[month] [year]

Devansh Gautam – Sequence classification

Devansh Gautam received his MS Dual Degree in  Computer Science and Engineering (CSE). His research work was supervised by Dr. Manish Shrivastava. Here’s a summary of his research work on Translation of code-mixed text and its application in sequence classification

Code-mixing refers to the mixing of two or more languages where words from different languages are interleaved with each other in the same conversation. Code-mixing is popular in multilingual societies around the world and is commonly used in social media texts. In recent times, with the increasing popularity of social media platforms, there has been an increase in the usage of code-mixed languages. English-Hindi code-mixed language colloquially called Hinglish is very commonly used in India because of a large number of bilingual speakers who use English in their professional lives and Hindi in their personal lives. Traditional Natural language processing systems, which are usually trained on monolingual corpora, do not perform well with code-mixed texts.
Building NLP systems for code-mixed languages could help build interactive systems for the large number of people using code-mixed languages. It would also enable us to build systems that can process the large amount of code-mixed data generated on social media and make the content accessible for people and machines alike. For example, building translation systems for codemixed languages would allow people to communicate with each other comfortably. Other tasks such as sentiment analysis or toxic content detection can enable high-level analysis of code-mixed texts.
In this thesis, we propose a simple approach for machine translation of Hinglish (English Hindi code-mixed) texts to English and explore how transfer learning from Hindi to English translation task can improve the performance of our translation system. We also propose an approach for translating English data to Hinglish. We provide parallel Hindi translations along with the English sentences as input to our translation system and analyse the improvement in the performance of our system. We also propose BLEUnormalized – a modified version of the BLEU metric to evaluate Hinglish outputs which often have informal transliterations and varying degrees of code-mixing.
Further, we propose a method for sequence-level classification tasks for Hinglish data using our Hinglish to English translation system.
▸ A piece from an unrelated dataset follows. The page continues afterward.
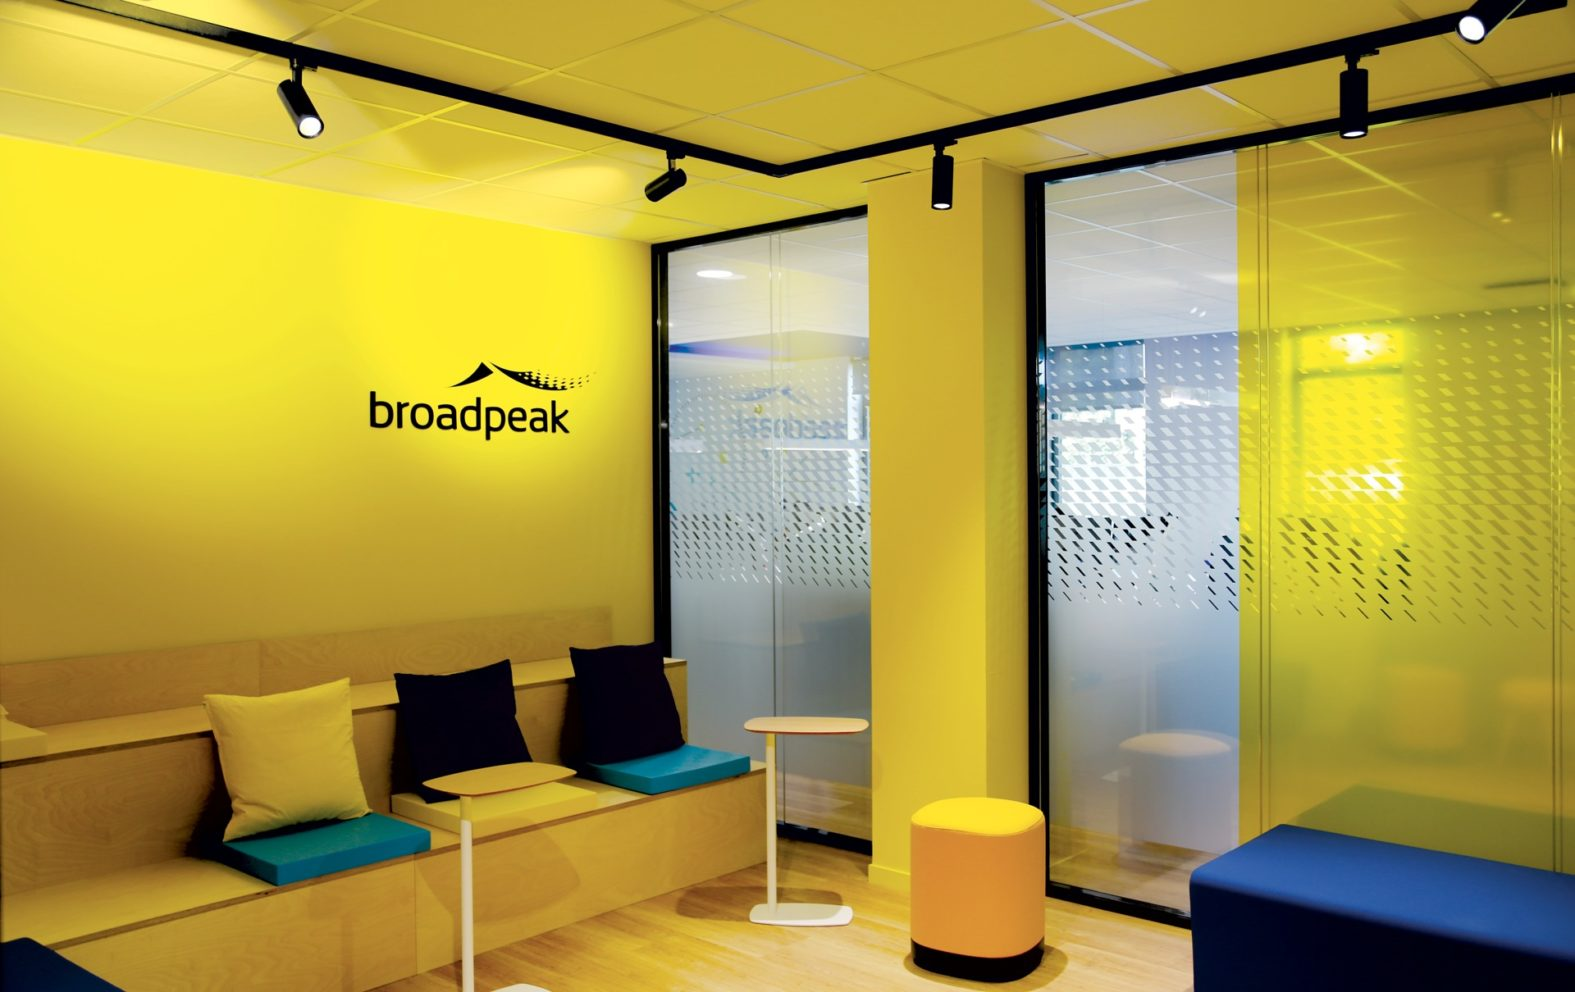 Landeau Création Broadpeak signalétique

First, we translate the Hinglish data to English, and then we use transfer learning from state-of-the-art English models for processing the translated data. We evaluate the effectiveness of our approach on the tasks of Sentiment Analysis and Natural Language Inference of Hinglish texts. We use various pre-trained models that have been finetuned for similar English-only tasks and have shown state-of-the-art performance in those. We further fine-tune these models on the translated datasets. To the best of our knowledge, we achieve state-of-the-art performance in both tasks.
Finally, we explore Natural Language Inference in a different setting, called tabular entailment, where the task is to verify a statement given a table as evidence. We propose a method for classifying whether the table supports the statement based on TAPAS. We evaluate how transfer learning and standardizing tables to have a single header row can improve TAPAS’ performance. We also propose a method for predicting which cells in the table provide evidence for/against the statement. We again use TAPAS and evaluate how different fine-tuning strategies can improve TAPAS’ performance.